Any help would be appreciated in solving this system! There clearly is some symmetry that might be exploited?

I've already tried to use Sympy to obtain a symbolic solution but it keeps running for hours.

EDIT: actually, the case is simplified since $a_5 = L_2$.

Answer 1

EDIT: I first wrote a solution path for $C_k=0$. Here is a start for the general case.

Your equations can be written with complex exponential $$C_1+iC_2=-L_2e^{i\theta_5}+L_2e^{i\theta_2}+L_3e^{i\theta_3}$$ $$C_3+iC_4=L_2e^{i\theta_2}+a_5e^{i\theta_4}+(a_9-ia_7)e^{i\theta_3}$$ where $\theta_5=q_5+q_6$, $\theta_2=q_1+q_2$, $\theta_3=q_1+q_2+q_3$ and $\theta_4=q_1+q_2+q_3+q_4$.

First equation

If $C_1=C_2=0$, the first complex equation is equivalent to $$L_3e^{i\theta_3}=2L_2e^{i(\theta_5+\theta_2+\pi)/2}\sin\left(\frac{\theta_5-\theta_2}2\right)$$ This gives 2 cases, splitting into 4 subcases:

• $\theta_5+\theta_2=2\theta_3-\pi$ modulo $4\pi$ and $\frac{\theta_5-\theta_2}2=\arcsin\left(\frac{L_3}{2L_2}\right)$ or $\frac{\theta_5-\theta_2}2=\pi-\arcsin\left(\frac{L_3}{2L_2}\right)$,
• $\theta_5+\theta_2=2\theta_3+\pi$ modulo $4\pi$ and $\frac{\theta_5-\theta_2}2=-\arcsin\left(\frac{L_3}{2L_2}\right)$ or $\frac{\theta_5-\theta_2}2=\pi+\arcsin\left(\frac{L_3}{2L_2}\right)$,

Therefore $\theta_2=\theta_3\pm\left(\frac{\pi}2+\arcsin\left(\frac{L_3}{2L_2}\right)\right)=\theta_3\pm\beta$.

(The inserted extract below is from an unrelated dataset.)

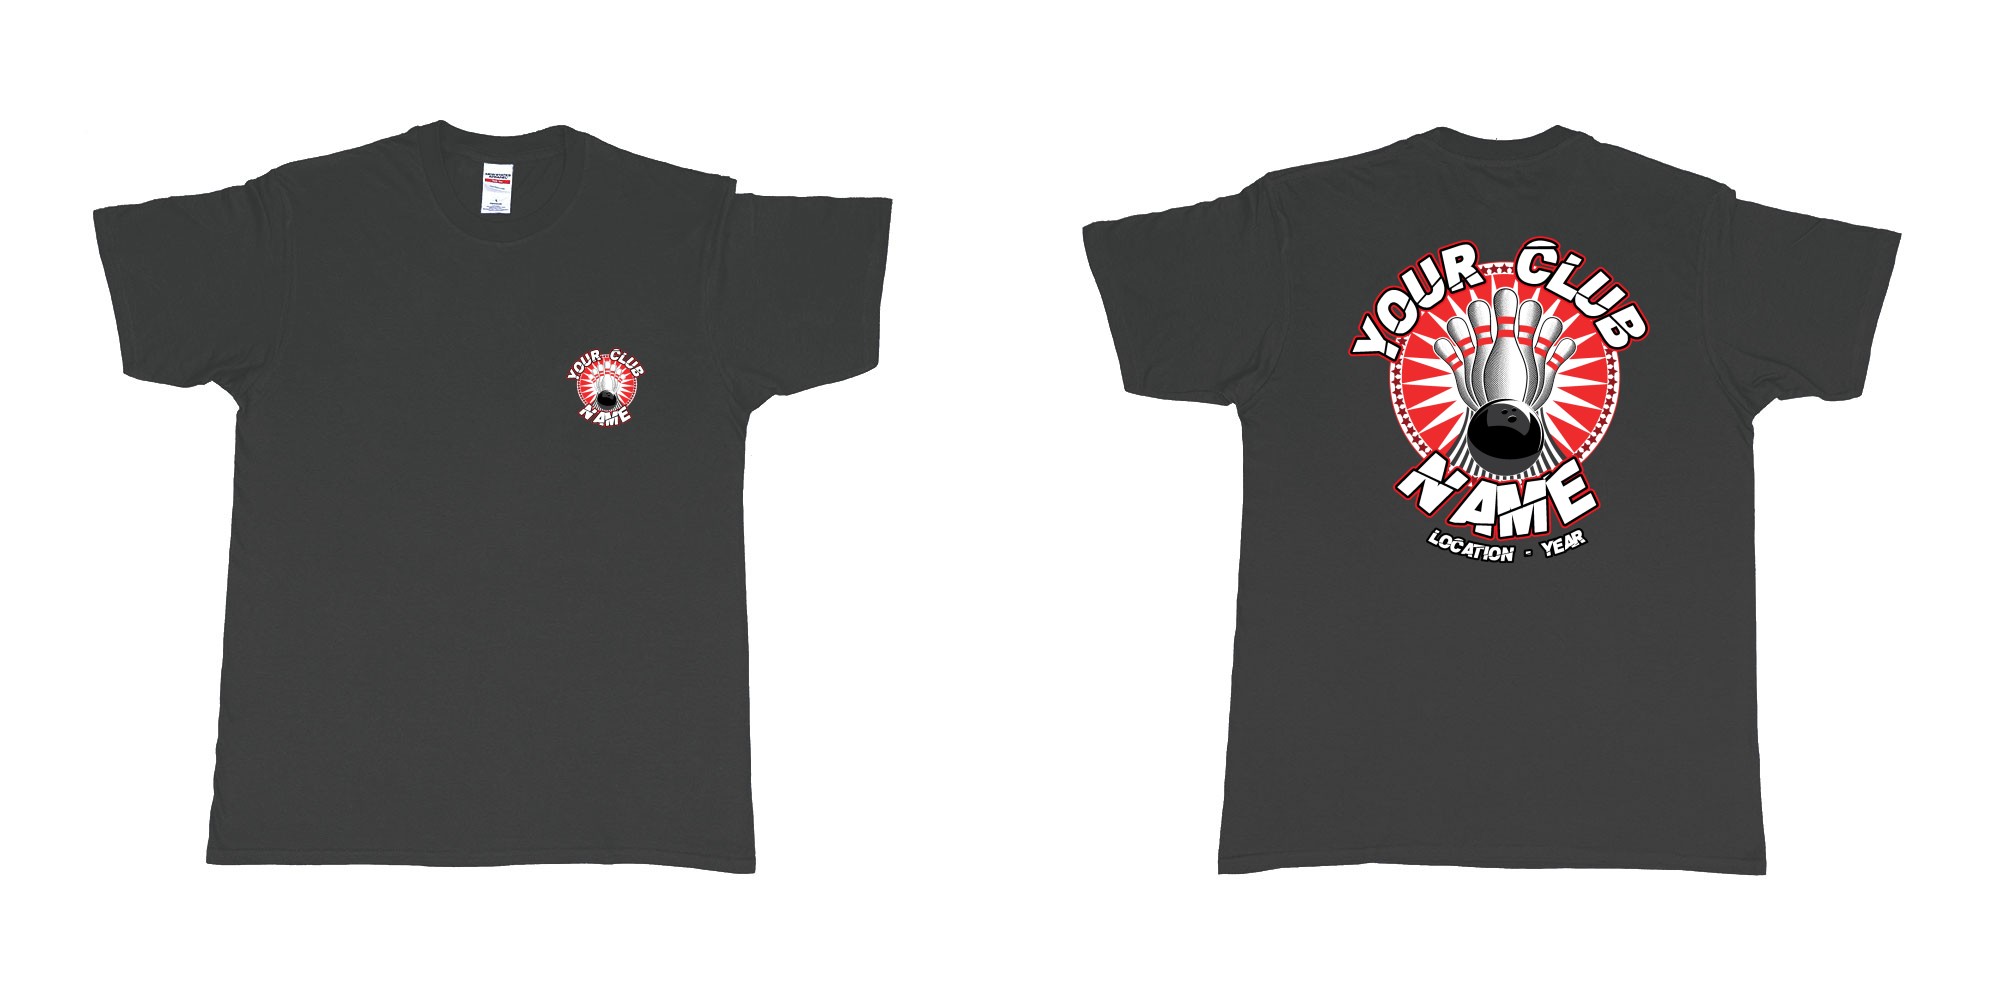 Custom tshirt design TPW strike bowling in fabric color black choice your own text made in Bali by The Pirate Way

Otherwise, note $C_1+iC_2=\rho e^{i\gamma_1}$, so that the first equation can be written $$\rho_1 e^{i\gamma_1}= 2L_2 e^{i(\theta_5+\theta_2+\pi)/2}\sin\left(\frac{\theta_2-\theta_5}2\right)+L_3e^{i\theta_3}$$ Assuming $L_3\neq 0$ and using the law of cosines, we get $$\pm\cos(\theta_3-\gamma_1)=\frac{L_3^2+\rho_1^2-4L_2^2\sin^2\left(\frac{\theta_2-\theta_5}2\right)}{2L_3\rho_1} =\frac{L_3^2+\rho_1^2-2L_2^2(1-\cos(\theta_2-\theta_5))}{2L_3\rho_1}$$

If $L_3=0$ you get directly $\theta_2$ and $\theta_5$ from first equation.

Analogously, for $L_2\neq 0$, $$4\rho_1L_2\sin\left(\frac{\theta_2-\theta_5}2\right)\cos\left(\frac{\theta_2+\theta_5+\pi}2-\gamma_1\right)=\rho_1^2+4L_2^2\sin^2\left(\frac{\theta_2-\theta_5}2\right)-L_3^2\\ \iff2\rho_1L_2(\cos(\theta_2-\gamma_1)-\cos(\theta_5-\gamma_1)) =\rho_1^2-L_3^2+2L_2^2(1-\cos(\theta_2-\theta_5))$$